Update on Idiopathic Intracranial Hypertension.

作者信息

Kanagalingam Sivashakthi, Subramanian Prem S

机构信息

Department of Surgery, Division of Ophthalmology, Dartmouth-Hitchcock Medical Center, Lebanon, NH, USA.

Department of Ophthalmology, School of Medicine, University of Colorado Anschutz Medical Campus, 1675 Aurora Court, Mailstop F-731, Aurora, CO, 80045, USA.

出版信息

Curr Treat Options Neurol. 2018 May 28;20(7):24. doi: 10.1007/s11940-018-0512-7.

Abstract

PURPOSE OF REVIEW

This review presents a critical appraisal of current therapeutic strategies for patients with idiopathic intracranial hypertension (IIH). We present the reader with the most recent evidence to support medical and surgical interventions in patients with IIH and provide recommendations about treatment initiation and escalation. We also indicate areas where knowledge gaps exist regarding therapeutic efficacy and superiority of one intervention over another.

RECENT FINDINGS

A double-masked, randomized prospective study of medical management of patients with mild IIH (Idiopathic Intracranial Hypertension Treatment Trial-IIHTT) has established that acetazolamide therapy has additional efficacy when compared to weight loss alone. Furthermore, management of IIH-related headache, even in patients with papilledema, may require treatment other than ICP lowering for patients to experience symptomatic relief.

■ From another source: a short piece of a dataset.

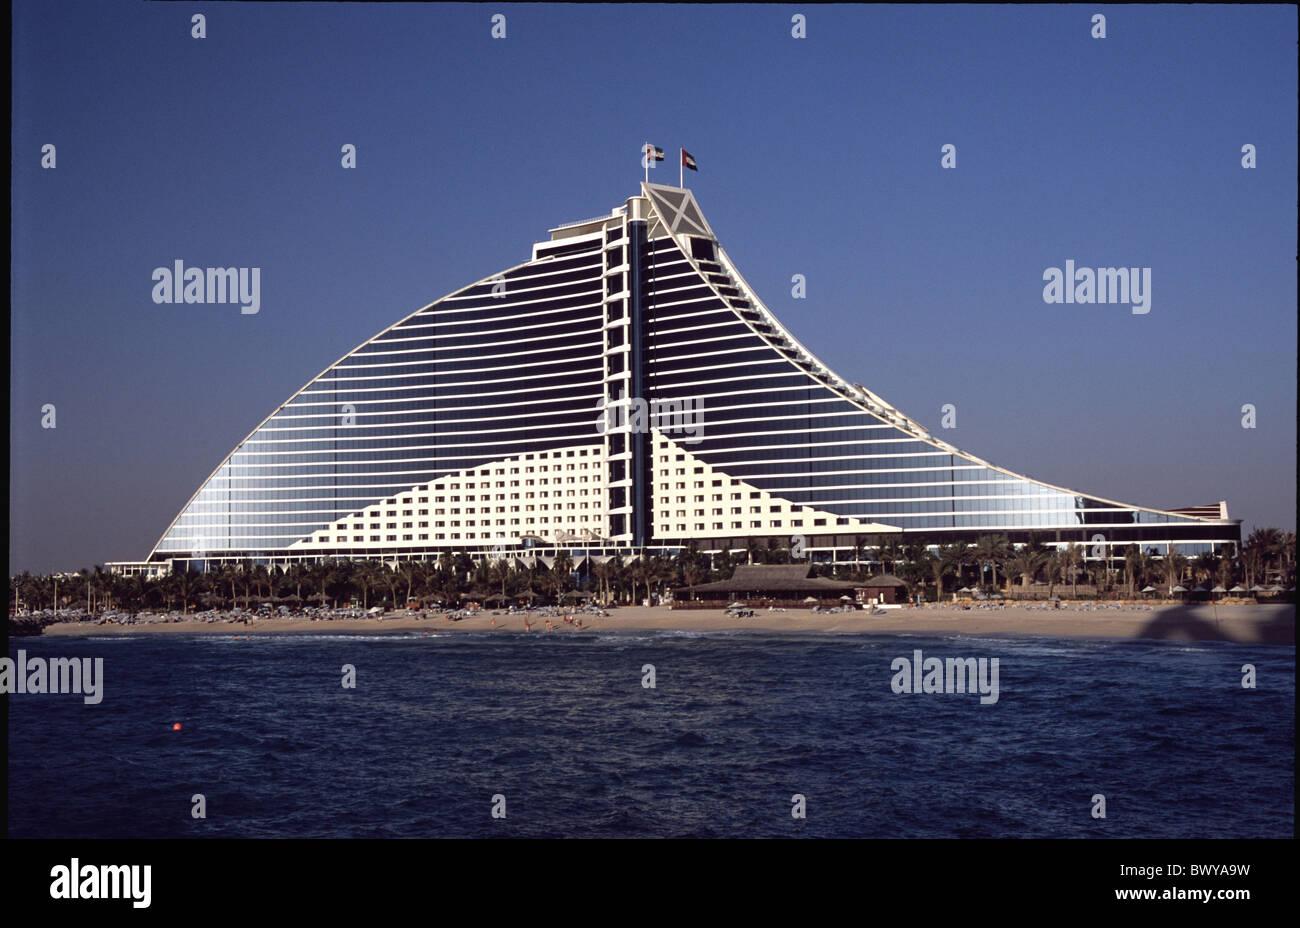 Architecture dubai uae arab emirates middle east hotel for Sailboat hotel dubai
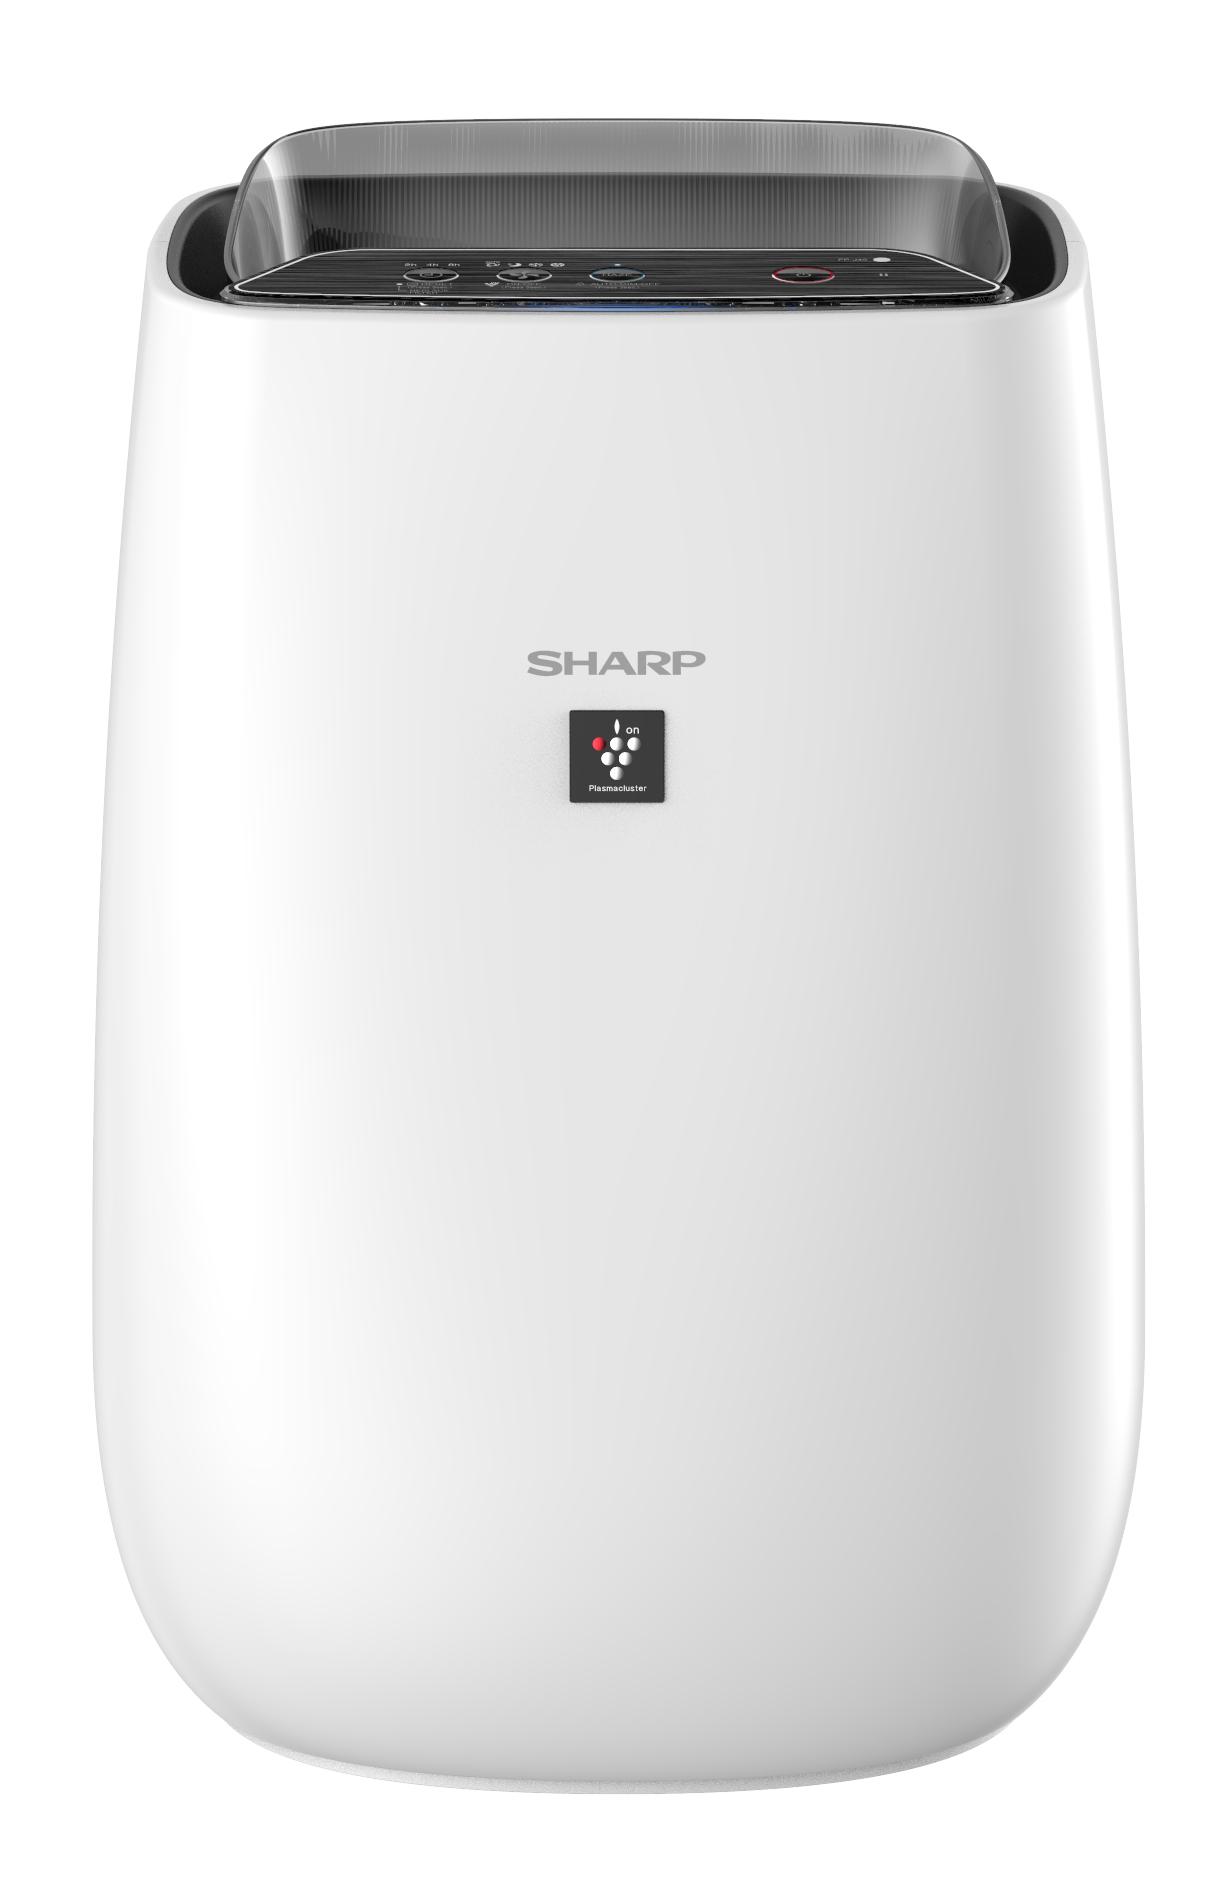 Sharp Air purifiers

Finally, a number of uncontrolled interventional studies have shown transverse sinus stenting to be a potentially effective treatment for medically refractory IIH. Medical therapy with acetazolamide should be considered in addition to structured weight loss in patients with mild IIH. Surgical treatment for patients with vision-threatening disease IIH can be performed by either optic nerve sheath fenestration or cerebrospinal fluid diversion, with venous sinus stenting emerging as an alternate therapy. Headache relief from ICP lowering therapy is variable and often not sustained.

摘要

综述目的

本综述对特发性颅内高压(IIH)患者当前的治疗策略进行了批判性评估。我们向读者展示了支持IIH患者进行药物和手术干预的最新证据,并提供了关于治疗起始和升级的建议。我们还指出了在治疗效果以及一种干预措施相对于另一种干预措施的优越性方面存在知识空白的领域。

最新发现

一项针对轻度IIH患者药物治疗的双盲、随机前瞻性研究(特发性颅内高压治疗试验-IIHTT)证实,与单纯减重相比,乙酰唑胺治疗具有额外的疗效。此外,即使是患有视乳头水肿的IIH相关头痛患者,可能也需要除降低颅内压之外的其他治疗才能获得症状缓解。最后,一些非对照干预性研究表明,横窦支架置入术是治疗药物难治性IIH的一种潜在有效方法。对于轻度IIH患者,除了有计划地减重外,还应考虑使用乙酰唑胺进行药物治疗。对于有视力威胁性疾病的IIH患者,可通过视神经鞘开窗术或脑脊液分流术进行手术治疗,静脉窦支架置入术也逐渐成为一种替代疗法。通过降低颅内压治疗缓解头痛的效果不一,且往往难以持续。